Gratis mentale ontspanning

“Zij die yoga echt kunnen gebruiken, die letterlijk op adem moeten komen, die hebben er doorgaans geen toegang toe”, constateerde de initiatiefneemster van deze lessen, Sandy Boutros, toen ze acht jaar geleden begon met het geven van yoga in Beiroet. In haar lessen verzamelden zich vooral jonge, bemiddelde Libanezen. “Maar ik geloof dat iedereen recht heeft op de gereedschappen die yoga biedt: stilstaan bij jezelf, je lichaam, gedachten en emoties. Dat geeft mensen meer grip op hun leven.” Boutros richtte vanuit deze gedachte Safe Space Koun op: een in rustgevende blauw- en groentinten geschilderde ruimte met marmeren vloeren, een grote bos bloemen en een zoutlamp in de hoek, waar kinderen met een vluchtelingenachtergrond en hun ouders welkom zijn voor gratis mentale ontspanning. De lessen worden gefinancierd door andere hulporganisaties die de diensten inkopen, zoals Terre des Hommes.

Juist nu kunnen Abassiye en andere vluchtelingen in Libanon de hulp gebruiken. De situatie van de 1,5 miljoen Syriërs die het land opvangt was al niet gemakkelijk en de afgelopen twee jaar kwamen daar een covidpandemie, een ontwrichtende ­havenexplosie en een diepe sociaal-economische crisis bovenop. 

Basisschool­kinderen tijdens een praatsessie van Save the Children.Beeld Sarah Haaij

Extreme armoede

Volgens vluchtelingenorganisatie UNHCR leven inmiddels negen van de tien Syrische vluchtelingen in extreme armoede. Veel kinderen, ook die uit de yogalessen van Koun, verruilen school voor een straatbaantje als plasticverzamelaar of zakdoekjesverkoper. Met de waardevermindering van de Libanese munt en ongekende prijspieken lukt het velen niet om in hun dagelijkse behoeften te voorzien. Niet onbegrijpelijk dus dat psychiater Georges Karam de sociaal-economische situatie van zijn land omschrijft als een snelkookpan voor psychische problematiek.

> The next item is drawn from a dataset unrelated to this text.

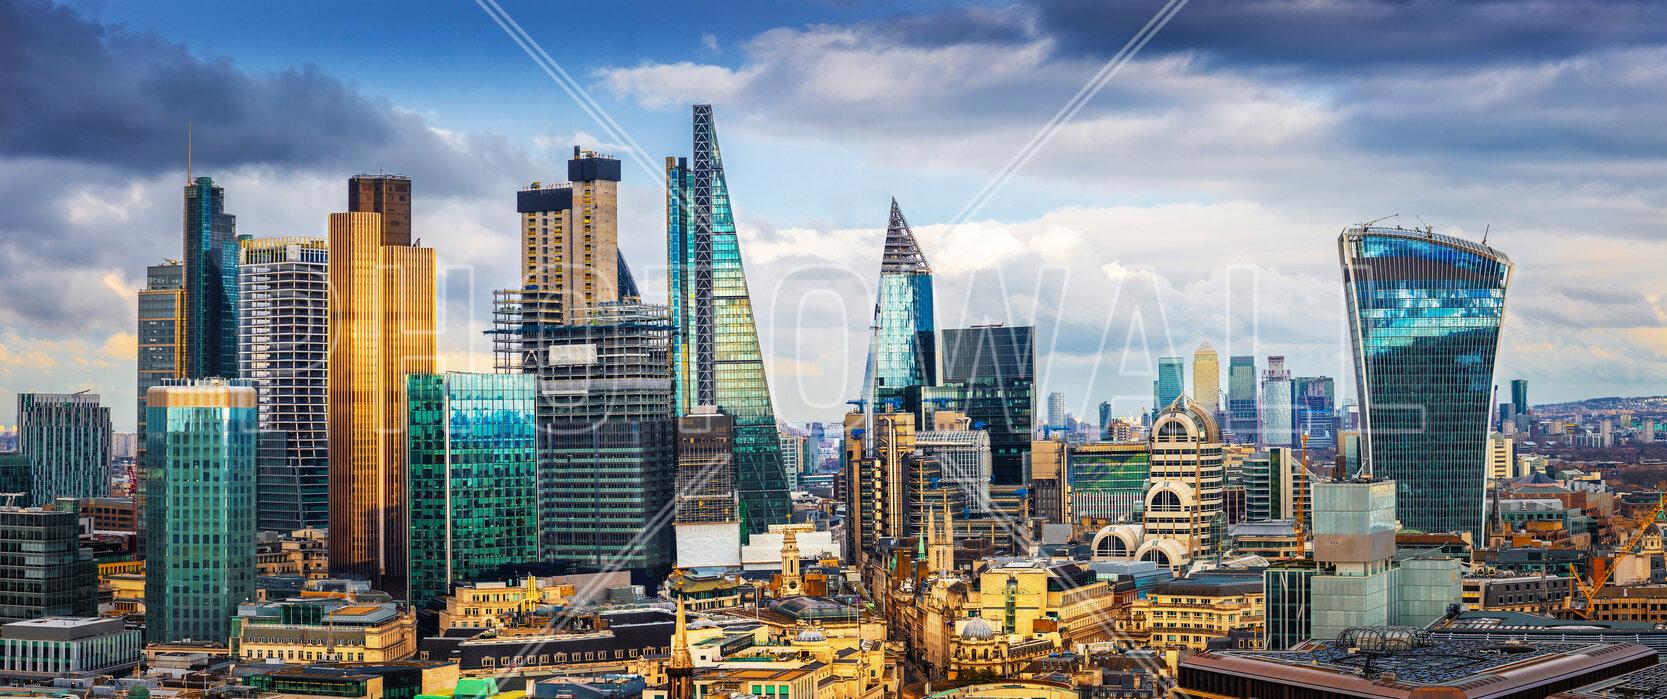 London Skyline Evocative Poster Photowall
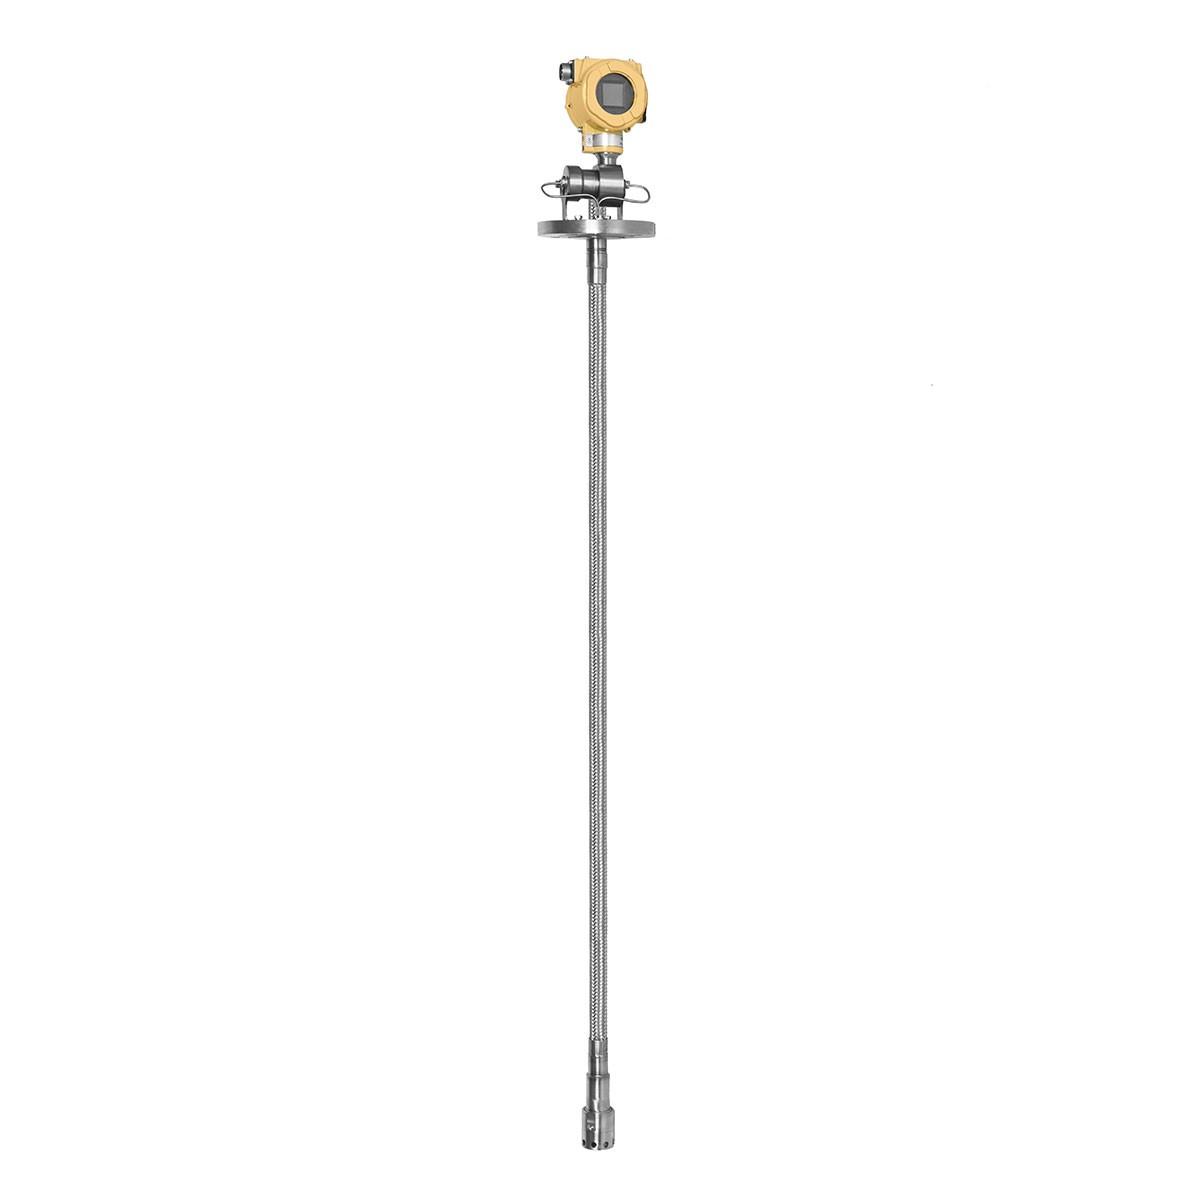 Smart Hydrostatic Pressure Transmitters Safir 2627, 2637, 2647 K

Onder deze hoge druk zijn het de kwetsbaarsten die de zwaarste mentale klappen opvangen. Wetenschappers van de American University of Beirut brachten in kaart dat bijna een op de vier Syrische vluchtelingen in Libanon matige tot ernstige depressiesymptomen vertoont. Door toenemende stress, trauma’s en isolement zien hulporganisaties het welzijn van jonge vluchtelingen afbrokkelen. 

Ook bij de VN-Vluchtelingenorganisatie UNHCR maken ze zich zorgen: “Psychische zorg voor vluchtelingen is niets minder dan een basisbehoefte”, zegt Carol El-Sayed, die werkt aan bescherming van vluchtelingen bij UNHCR. “Uiteraard heb je in een crisis voedsel en onderdak nodig, maar via mentale-gezondheidssteun help je mensen om te gaan met de uitdagingen waar ze elke dag voor staan.” Juist nu het leven van alledag zo grimmig is, zegt El-Sayed, moet je proberen de weerbaarheid van een gemeenschap te versterken. En dat gaat niet alleen via de maag, maar ook via het hoofd. “Door waar mogelijk psychologische steun te bieden.”

Een doos tissues

Moeilijkheden met slapen, boosheid, schreeuwen tegen hun kinderen: dat zijn de problemen waar de meeste mensen tegenaan lopen. Aandacht en een luisterend oor zijn niet altijd voorhanden in een gemeenschap die door oorlog en armoede ruw uit elkaar is getrokken. Met laagdrempelige groepsbijeenkomsten wordt getracht die verbondenheid te herstellen.

Hoe dat in de praktijk uitpakt, blijkt tijdens een sessie van Restart Center. Deze hulporganisatie biedt, gesteund door ­UNHCR en Nederlandse ontwikkelingshulp, psychische zorg aan gemarginaliseerde Libanezen en vluchtelingen.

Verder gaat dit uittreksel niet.